6 thoughts on “Library Books & London

  1. My library book binges are usually to stop me buying – if I think I have discovered a new author or want to explore someone’s work, I order them all out of the library. I usually end up taking them back unread, but at least it stops me spending…… 🙂


  2. Karen, that is the way to do it. The library is such a luxury, but it doesn’t have all the books I want. It’s a pity they don’t call me up every time they want to discard a book: I could tell them to keep it.:)


  3. If I were going to London now, I would only be hitting all the thrift shops for books. And Persephone, of course. A friend told me there used to be a shop just for Viragos. I would probably go to the War Museum since I’ve always read WW1 and 2 books. As for book festivals, the only ones I’ve been to are The National in D.C. and the Brooklyn Book Festival. .
    On Saturday I’m going with my librarian friend to Philadelphia for the ALA midwinter conference where I plan to load up a suitcase with ARCs while he’s busy doing librarian things. I love libraries and I do read a lot of library books.


  4. The ALA sounds like fun! And I really should go to the Wash Book Festival, because it is such a manageable city. I’ve gone to the Southern Festival of Books in Nashville and highly recommend it if you like Southern writers.


  5. ’m currently on a Georgette Heyer binge – have had some work-related problems this week, so the last thing I want to read before falling asleep is my “proper” book (Anna Karenina, because I’m at a part where everything’s going wrong for Anna). So Heyer it is! I binge on her books about once a year, and keep reading until I’ve had enough muslins and curricles. I also love a binge on Golden Age detective fiction! My local bookshop has a section called “Cosy Crime,” which could equally well be called “Books for Binges” – everything from Patricia Wentworth to Alexander McCall Smith. Finally, my other favourite author for a binge is Mary Stewart. I LOVE her books, particularly the ones set in Greece. You get all the thrills and romance as well as a travel book! Her work has all been reprinted recently, so I hope she’ll gain some new fans; I don’t know anyone else who reads her. Perhaps the BBC will dramatise one of her books – they’d make great serials.

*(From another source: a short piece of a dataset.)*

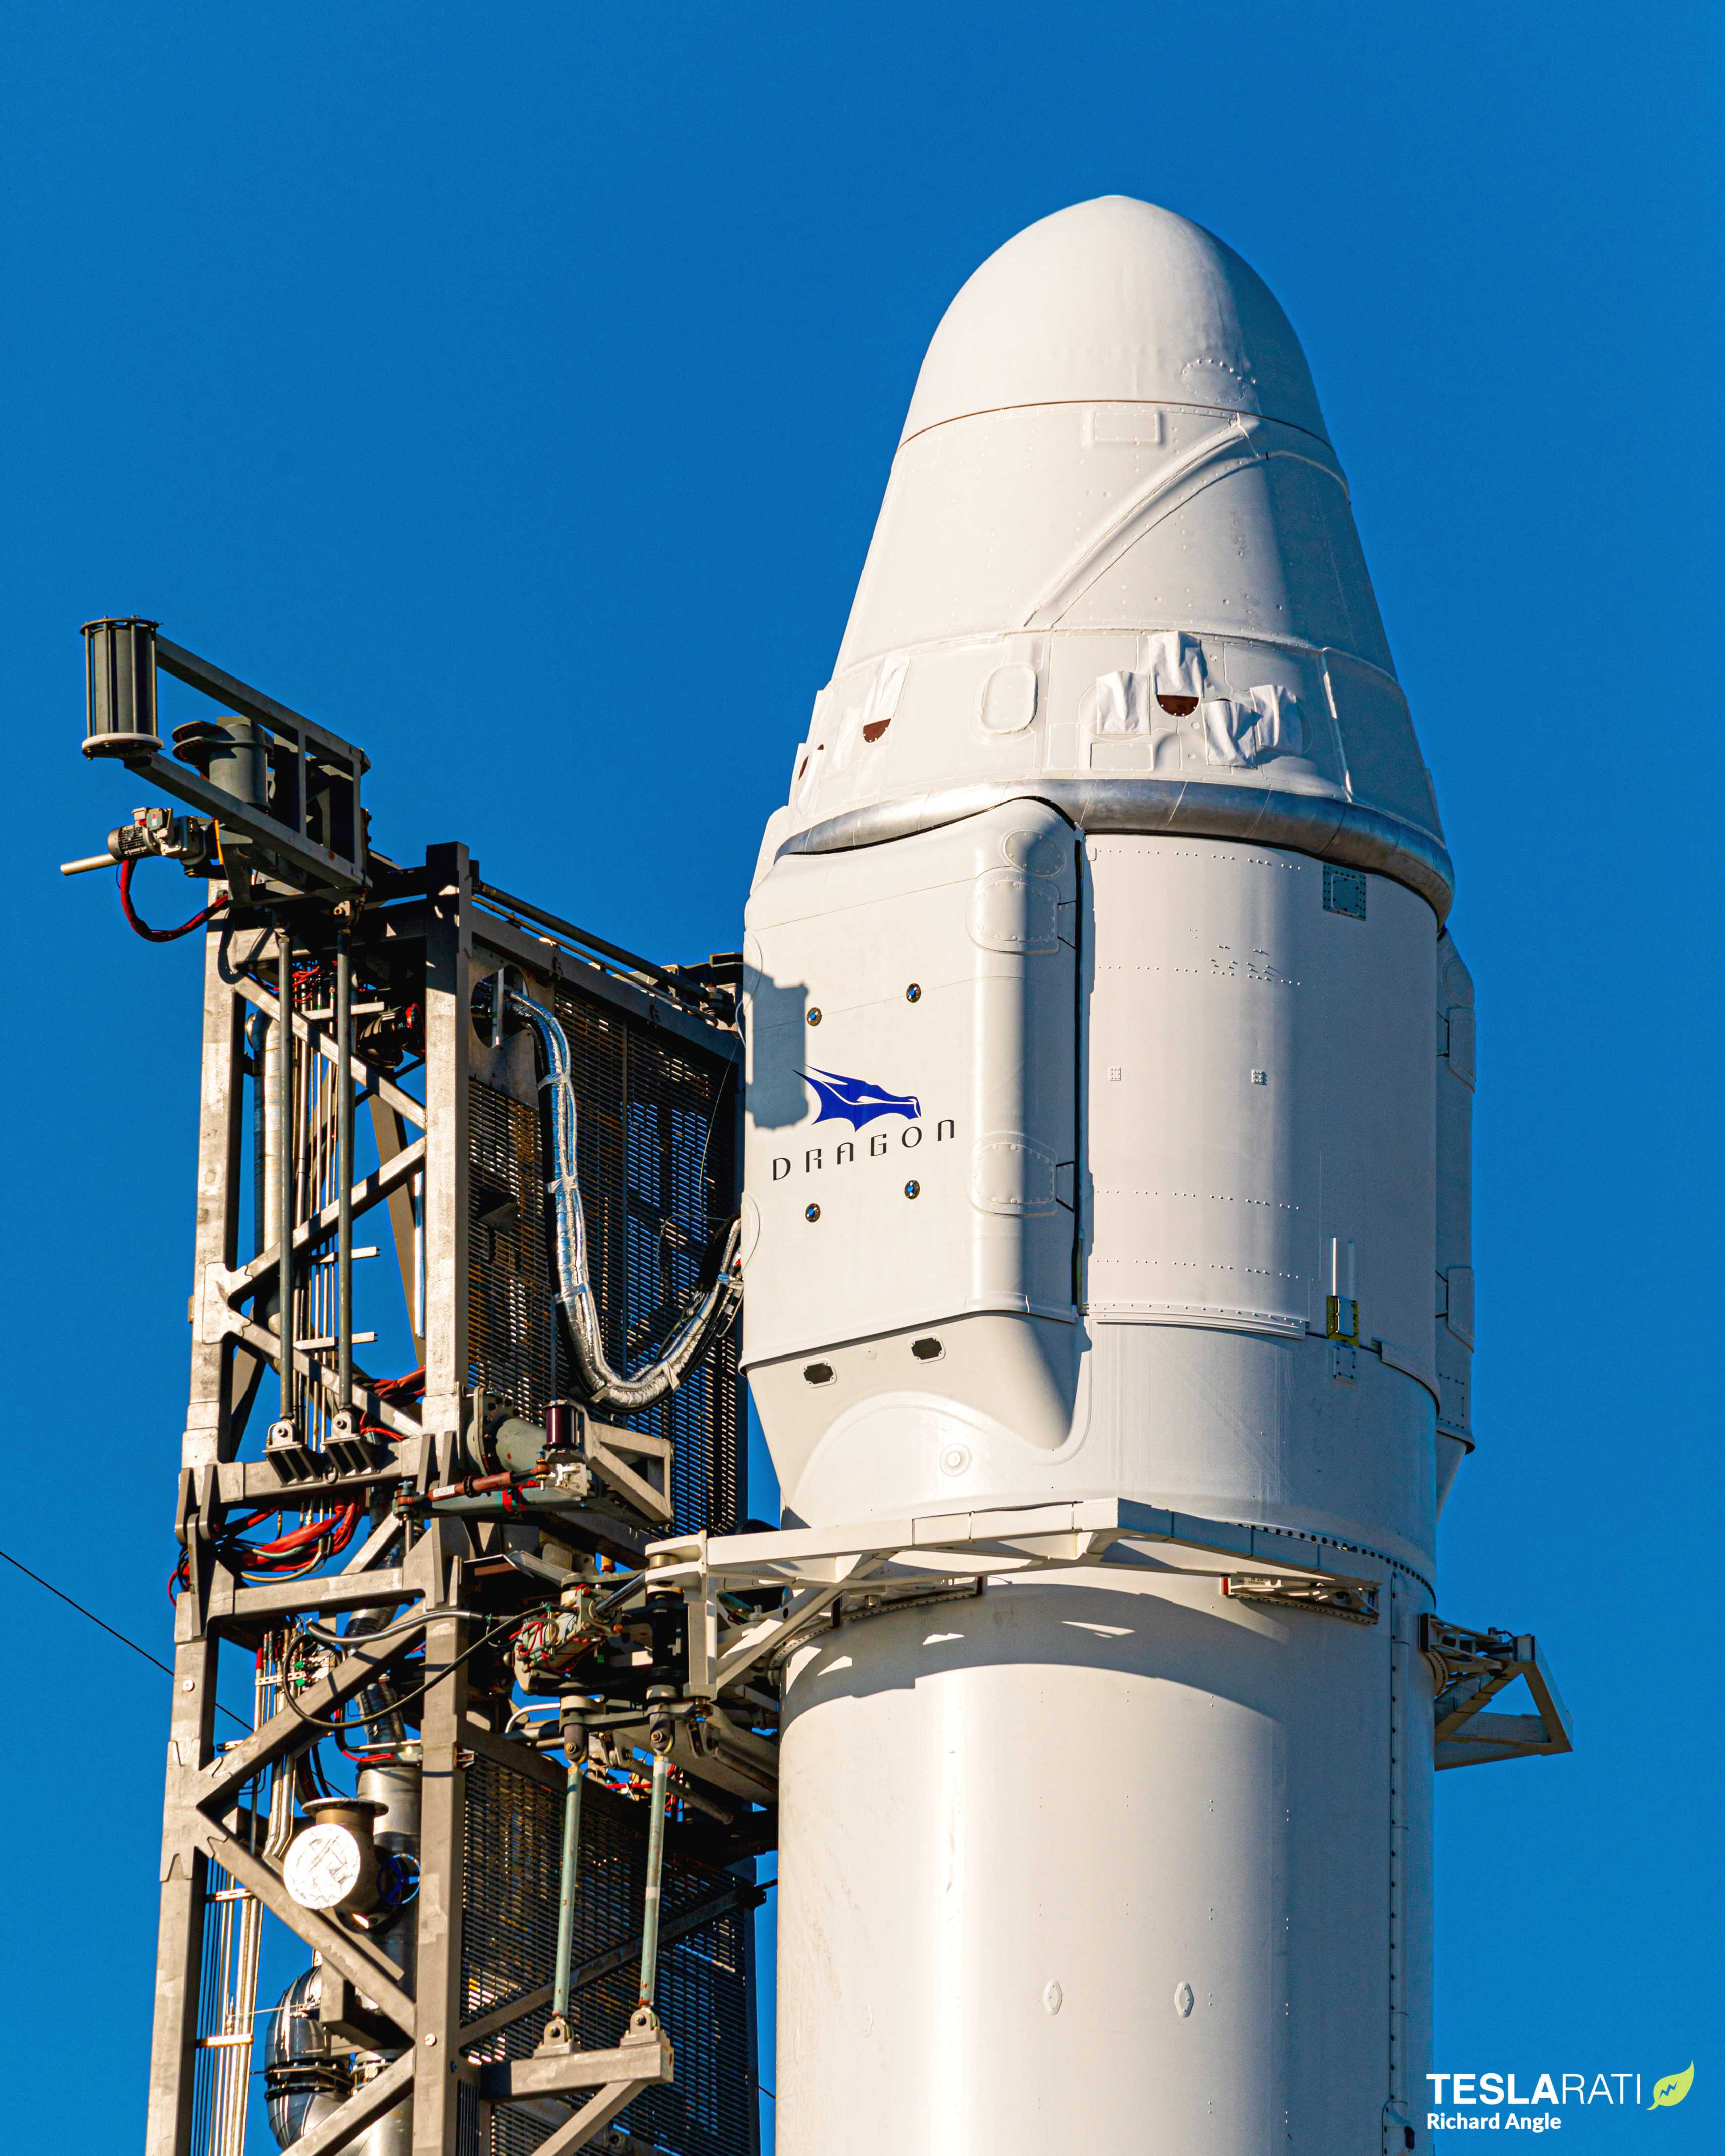 CRS-19 C106 Falcon 9 B1059 vertical LC-40 120419 (Richard Angle) (5) (c)

  6. Catherine, a Georgette Heyer binge sounds fun! I have collected a few in the last year (they’ve been reissued by Sourcebooks here) but haven’t found the perfect occasion to read one. I’m sure Heyer would make a perfect substitute for Robert Barnard. I’ve been wondering if I should read Alexander McCall Smith. And I love Mary Stewart. She is better, in my opinion, than Daphne du Maurier!